Data extract:
###

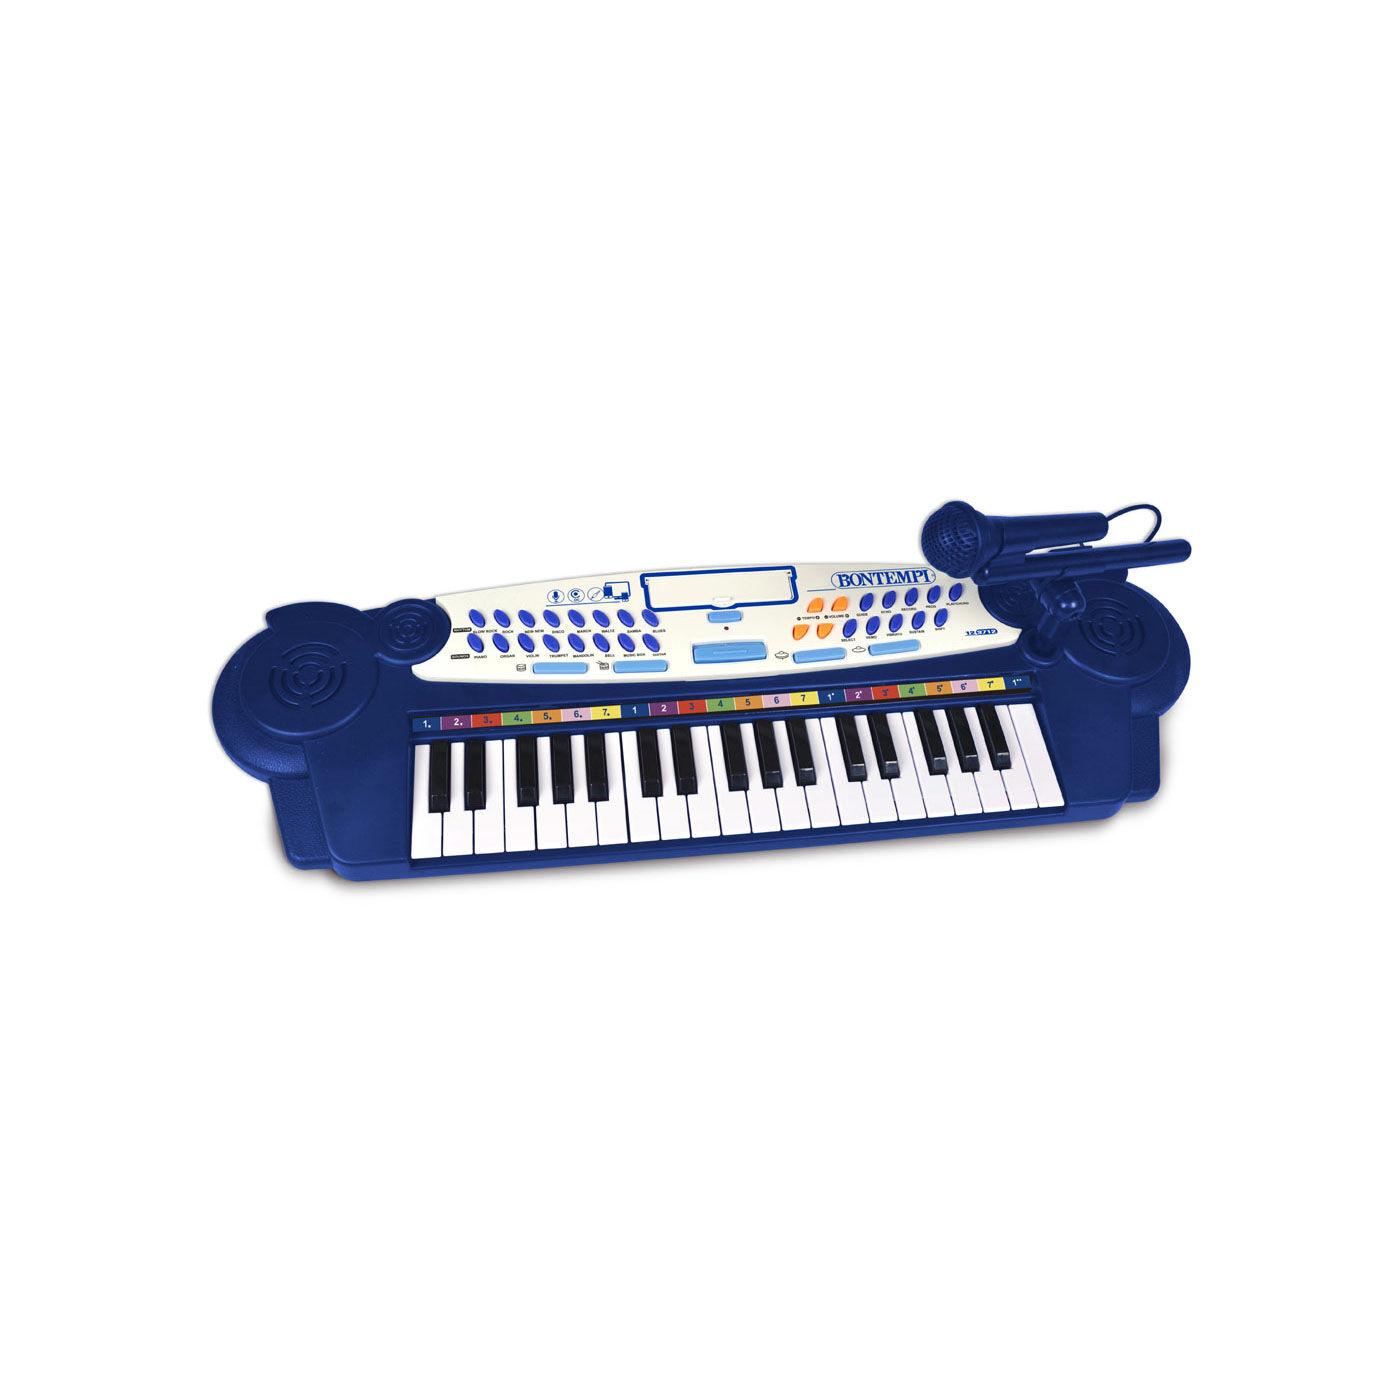 Bontempi elektromos szintetizátor kék
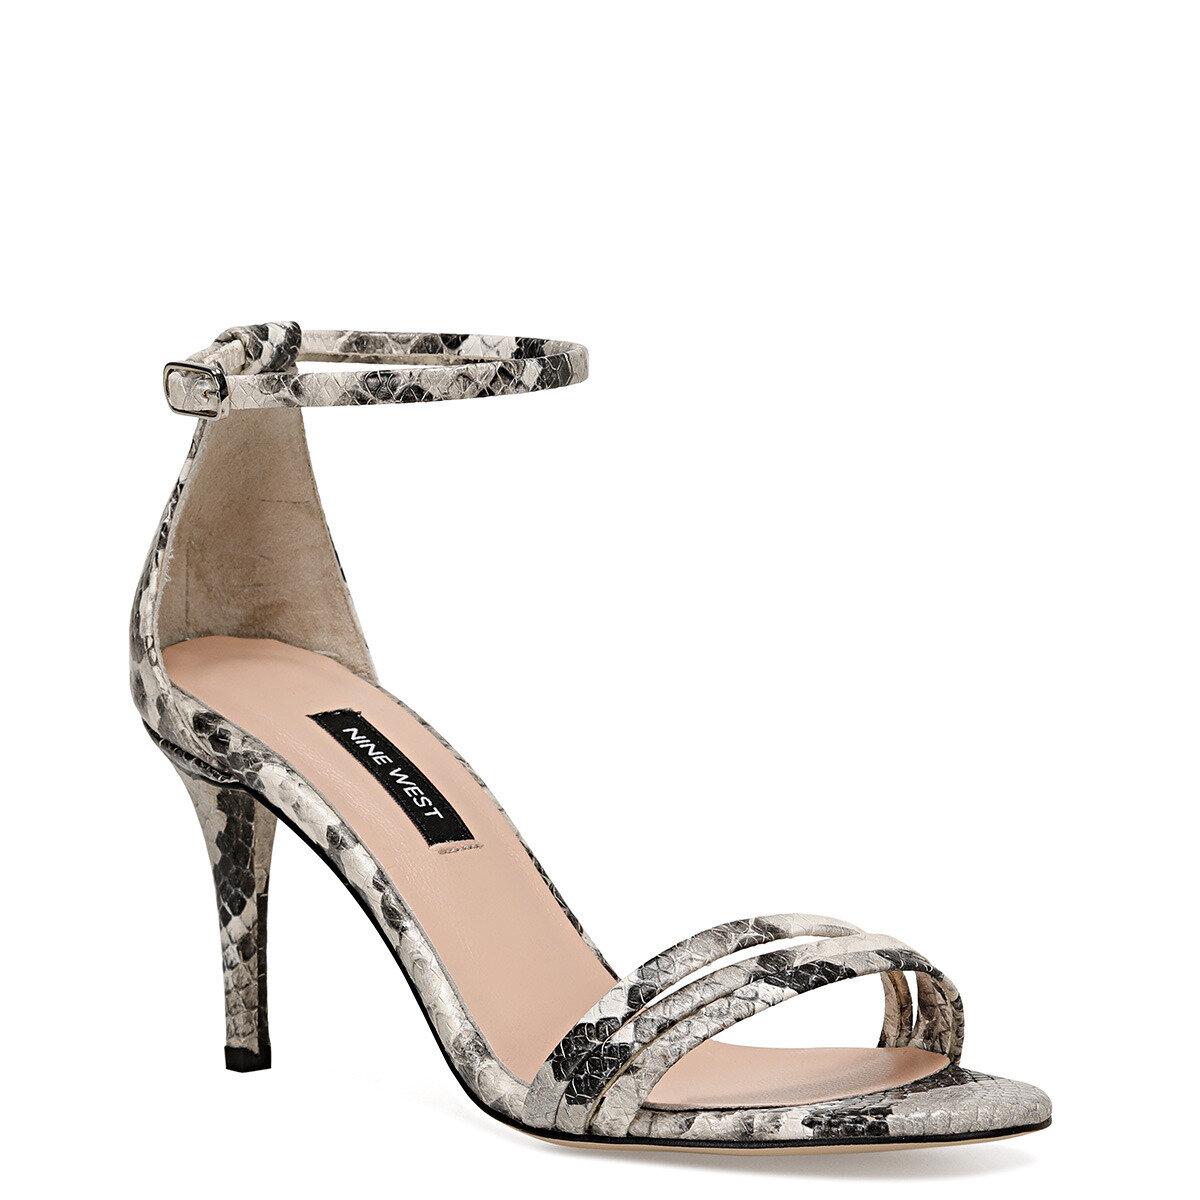 TENSE Gri Kadın Sandalet
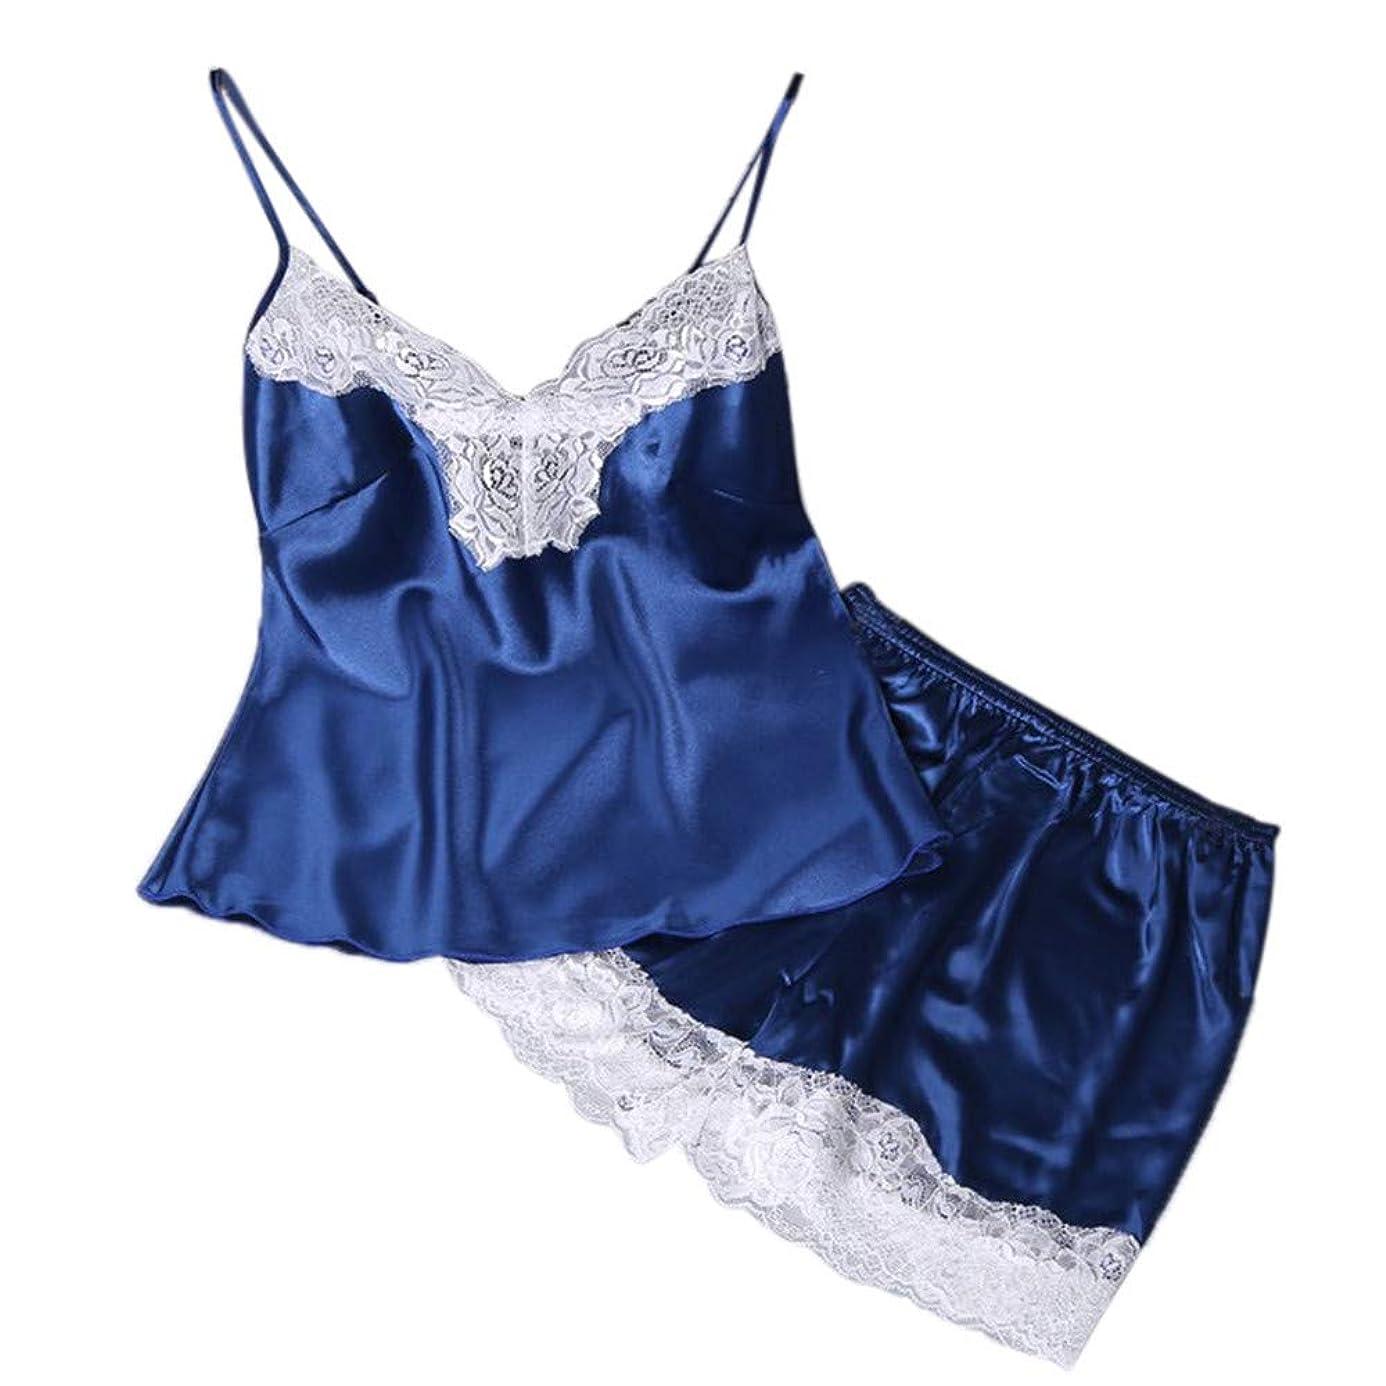 2PC Lingerie Women Babydoll Nightdress Chemise Nightgown Slip Lace Sling Sleepwear Underwear Set
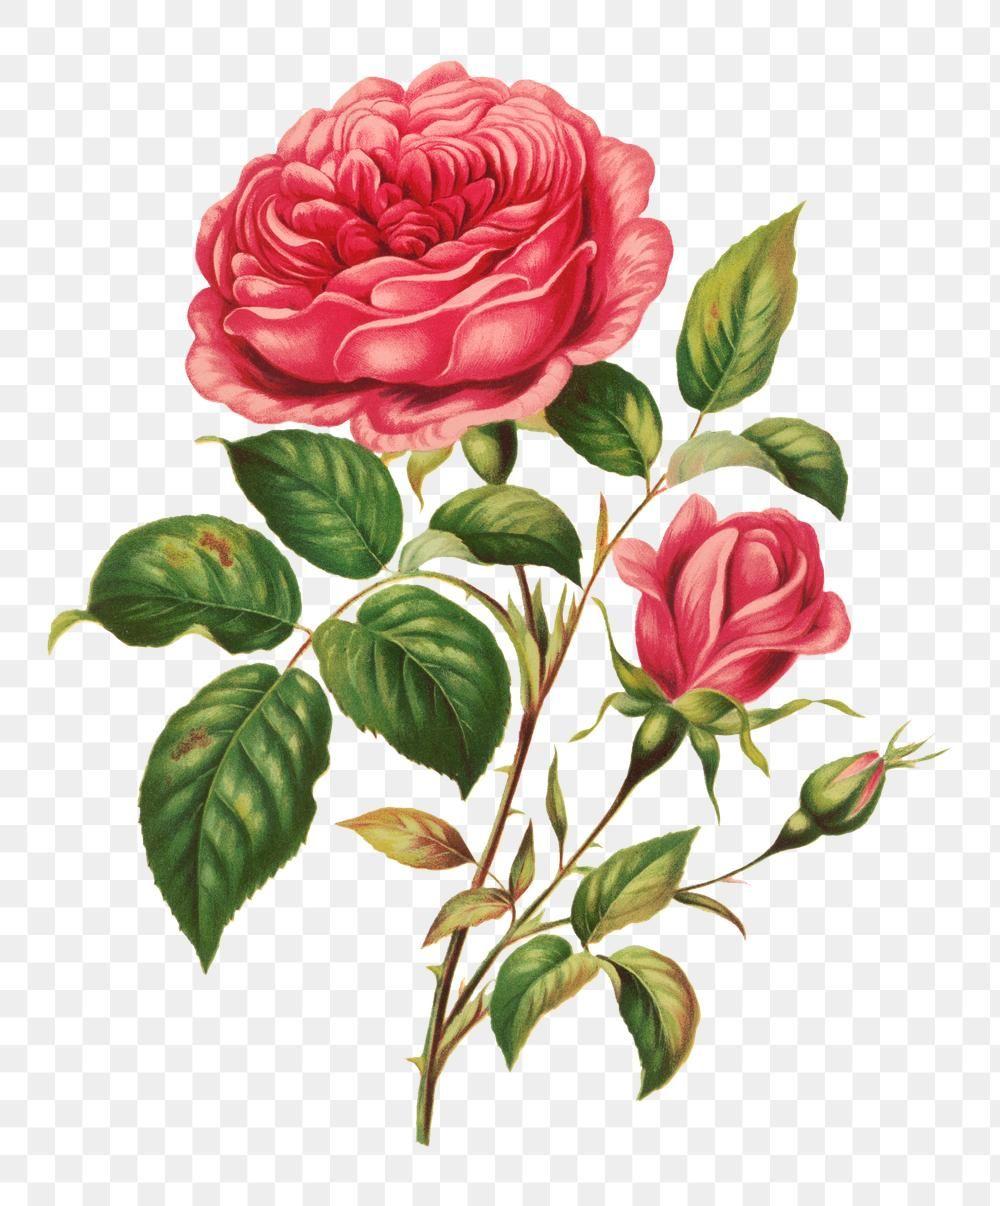 Vintage Rose Flower Botanical Png Illustration Remix From Artworks By L Prang Co Premium Image By Rawpixel Com Flower Illustration Vintage Roses Flowers

###

Task brief:
Beginning at the line with "2PC Lingerie Women" and ending at the last line of the listing above, retype each line exactly, including those two lines. Leave the pictures out.

Response for this exercise:
 2PC Lingerie Women Babydoll Nightdress Chemise Nightgown Slip Lace Sling Sleepwear Underwear Set
 Vintage Rose Flower Botanical Png Illustration Remix From Artworks By L Prang Co Premium Image By Rawpixel Com Flower Illustration Vintage Roses Flowers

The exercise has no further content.